For comprehensive examples including client-side implementation, component-based sites, traditional sites, and features, see GETTING-STARTED.md.

Test Coverage

Run the test suite with coverage via npm run coverage. The plugin uses Node's native test runner and built-in coverage reporter; the coverage badge above is updated by CI on each merge to main.

Debug

To enable debug logs, set the DEBUG environment variable to metalsmith-search*:

metalsmith.env('DEBUG', 'metalsmith-search*');

Migration from v0.x to v1.0

Version 1.0.0 modernizes the toolchain and trims the public surface.

Breaking Changes

  1. ESM only. The CommonJS build is gone. Use import search from 'metalsmith-search' from an ESM project.
  2. Node.js 22+ required.
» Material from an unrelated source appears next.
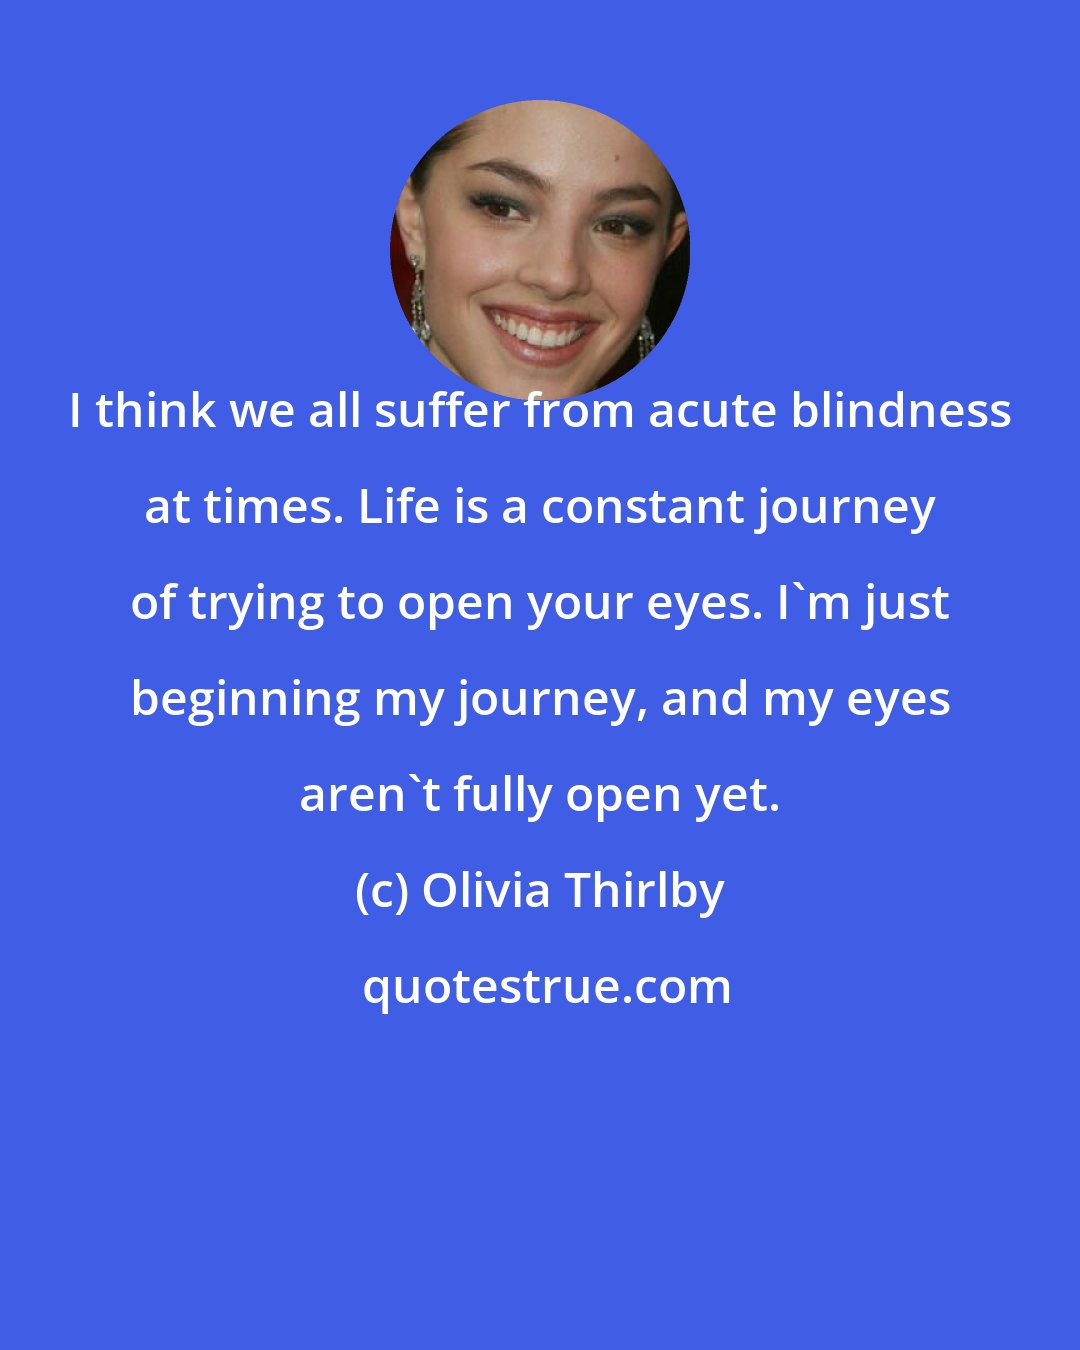 Olivia Thirlby: I think we all suffer from acute blindness at times. Life is a constant journey of trying to open your eyes. I'm just beginning my journey, and my eyes aren't fully open yet.

Earlier versions are unsupported.
  3. Fuse.js is no longer a runtime dependency. The plugin still produces a Fuse-compatible index, but consumers must npm install fuse.js separately on the client.
  4. contentFields option removed. Frontmatter fields are no longer indexed; the plugin processes only final rendered HTML. Move searchable content into your templates.
  5. Search index schema bumped to 2.0.0. The entry shape no longer includes description, tags, date, or author — only fields the HTML extractor produces (id, type, url, title, content, excerpt, headings, wordCount). Update any client code that reads those legacy fields.
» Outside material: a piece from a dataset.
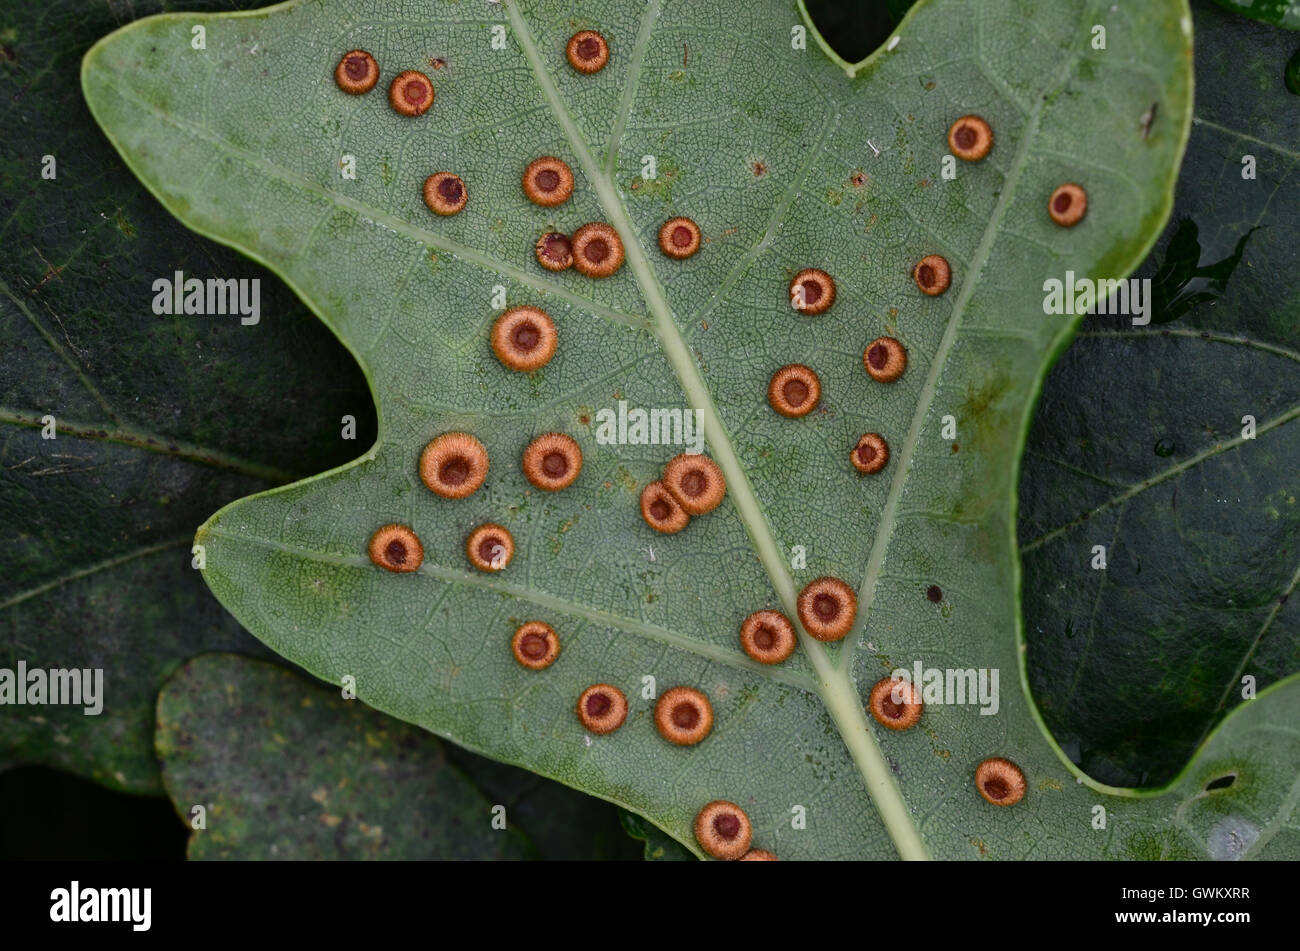 Silk button galls on the underside of pedunculate oak leaf caused by the gall wasp neuroterus numismalis. Stock Photo

Migration from v0.1.x (HTML-first architecture)

If you are still on v0.1.x, you also need the v0.2.0 changes:

  • Pattern default changed: **/*.md**/*.html
  • Pipeline position: place search() after layouts()
  • Options removed: async, batchSize, lazyLoad, processMarkdownFields, sectionsField, sectionTypeField, autoDetectSectionTypes, componentFields, maxSectionLength, chunkSize, minSectionLength, frontmatterFields
  • Option added: excludeSelectors

Migration from metalsmith-lunr

This plugin is a modern replacement for the deprecated metalsmith-lunr:

Advantages:

  • Better search: Fuse.js provides fuzzy matching
  • Accurate indexing: Cheerio HTML parsing
  • Smaller bundle: More efficient than Lunr.js
  • Active maintenance: Regular updates and bug fixes
  • Modern JavaScript: ESM-only, Node.js 22+

Migration:

// Old metalsmith-lunr
import lunr from 'metalsmith-lunr';

Metalsmith(import.meta.dirname)
  .use(markdown())
  .use(
    lunr({
      ref: 'title',
      fields: { contents: 1, title: 10 },
    })
  );

// New metalsmith-search
import search from 'metalsmith-search';

Metalsmith(import.meta.dirname)
  .use(markdown())
  .use(layouts()) // Add layouts
  .use(
    search({
      pattern: '**/*.html', // HTML not markdown
      fuseOptions: {
        keys: [
          { name: 'content', weight: 1 },
          { name: 'title', weight: 10 },
        ],
      },
    })
  );

License

MIT © Werner Glinka